Senza gli afro-cubani non esisterebbe Cuba. Nonostante gli sforzi della rivoluzione, il problema non è risolto
Senza gli afro-cubani non esisterebbe Cuba. Nonostante gli sforzi della rivoluzione, il problema non è risolto
L’AVANA. Il 20 maggio 1912 il Partito indipendente di colore (Pidc) si solleva in armi a Cuba. Non è un tentativo di rivolta o di colpo di stato. Ma l’estrema protesta contro l’esclusione del Pidc dalle elezioni politiche, voluta dalla maggioranza razzista del parlamento e ratificata dal presidente Gómez. La risposta del potere sarà un massacro: più di tremila i militanti neri e mulatti uccisi, molti passati per le armi dopo essersi arresi. I corpi dei leader, i mulatti Evaristo Estenoz e Pedro Ivonet (generale della guerra di liberazione contro la Spagna il secondo, ufficiale dello stato maggiore del generale Bandera, il primo) vengono esposti al pubblico nella caserma Moncada (dove nel ’53 inizierà la rivoluzione di Fidel) a Santiago di Cuba. Il massacro (appoggiato, quasi richiesto, dagli Stati uniti che in quel periodo avevano praticamente un protettorato sulla maggiore delle isole antillane) porta non solo alla sparizione di una forza politica autonoma dei cubani di colore, ma, con essa, a una decapitazione dell’intellighenzia nera e mulatta. Fino alla rivoluzione di Fidel, si possono contare sulle dita di una mano leader politici e intellettuali neri di spicco a Cuba.

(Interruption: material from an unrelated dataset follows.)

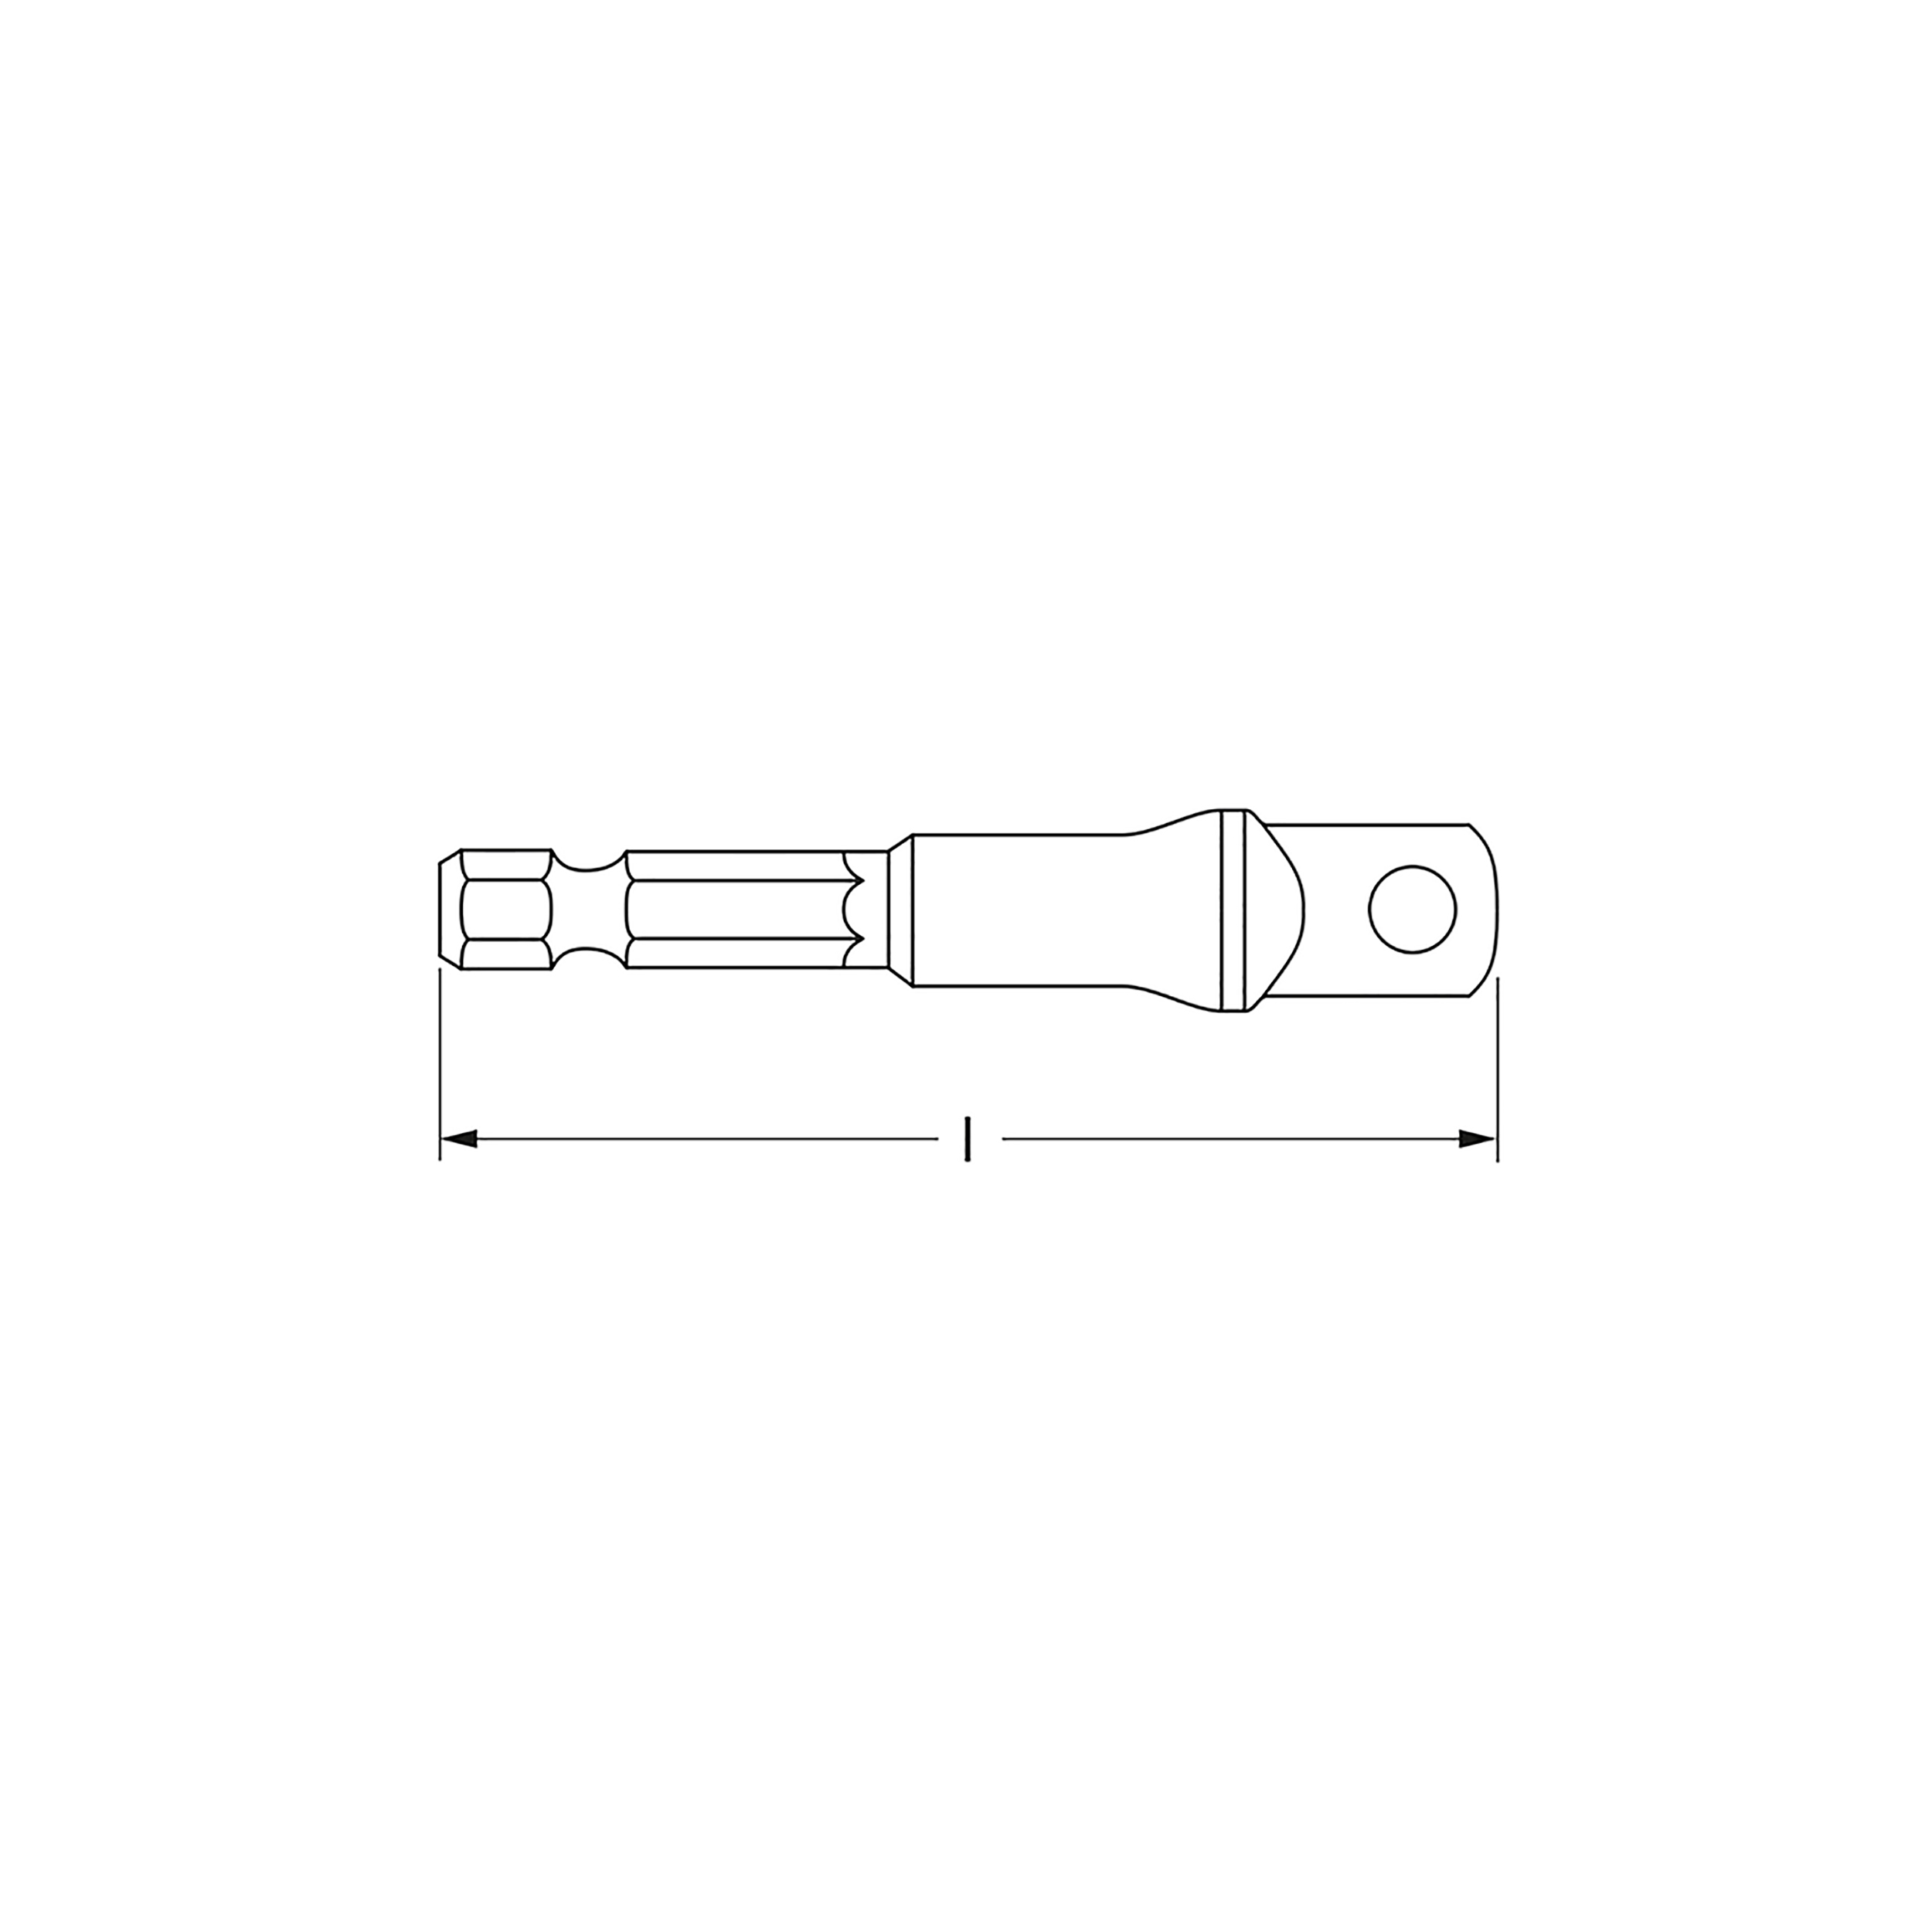 Adapter for drill, M 3/8" x M 1/4", MATADOR item no.: 30850001
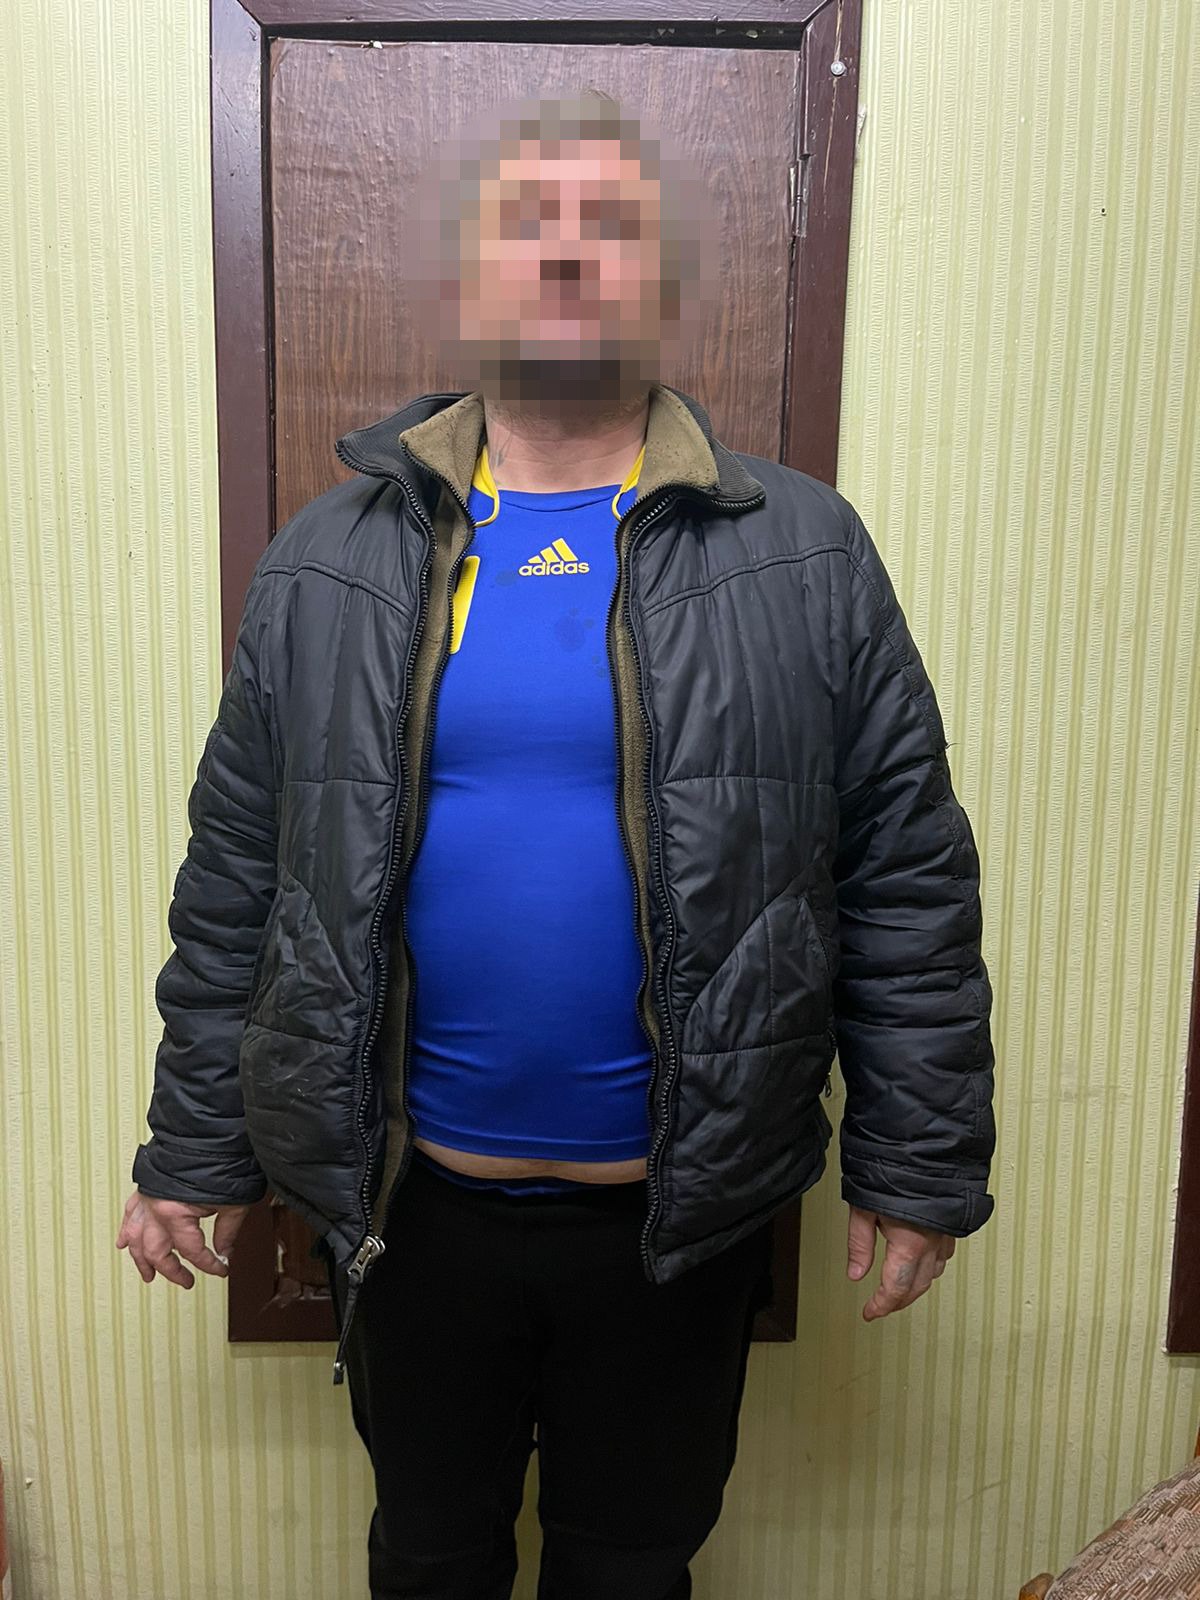 Нападал в лифте на девушек. Полиция задержала серийного насильника в Харькове

Il documentario 1912, voces para un silencio (presentato di recente qui all’Avana), che la regista Gloria Rolando (nella foto) – la cui opera è rivolta a indagare le origini della cultura nera afro-cubana – ha dedicato a questo episodio della storia dei cittadini di colore, ha come sottotitolo «Le parole per dirlo». E ancor più chiaro, nella versione in inglese – presentata negli Usa – «Breaking the silence».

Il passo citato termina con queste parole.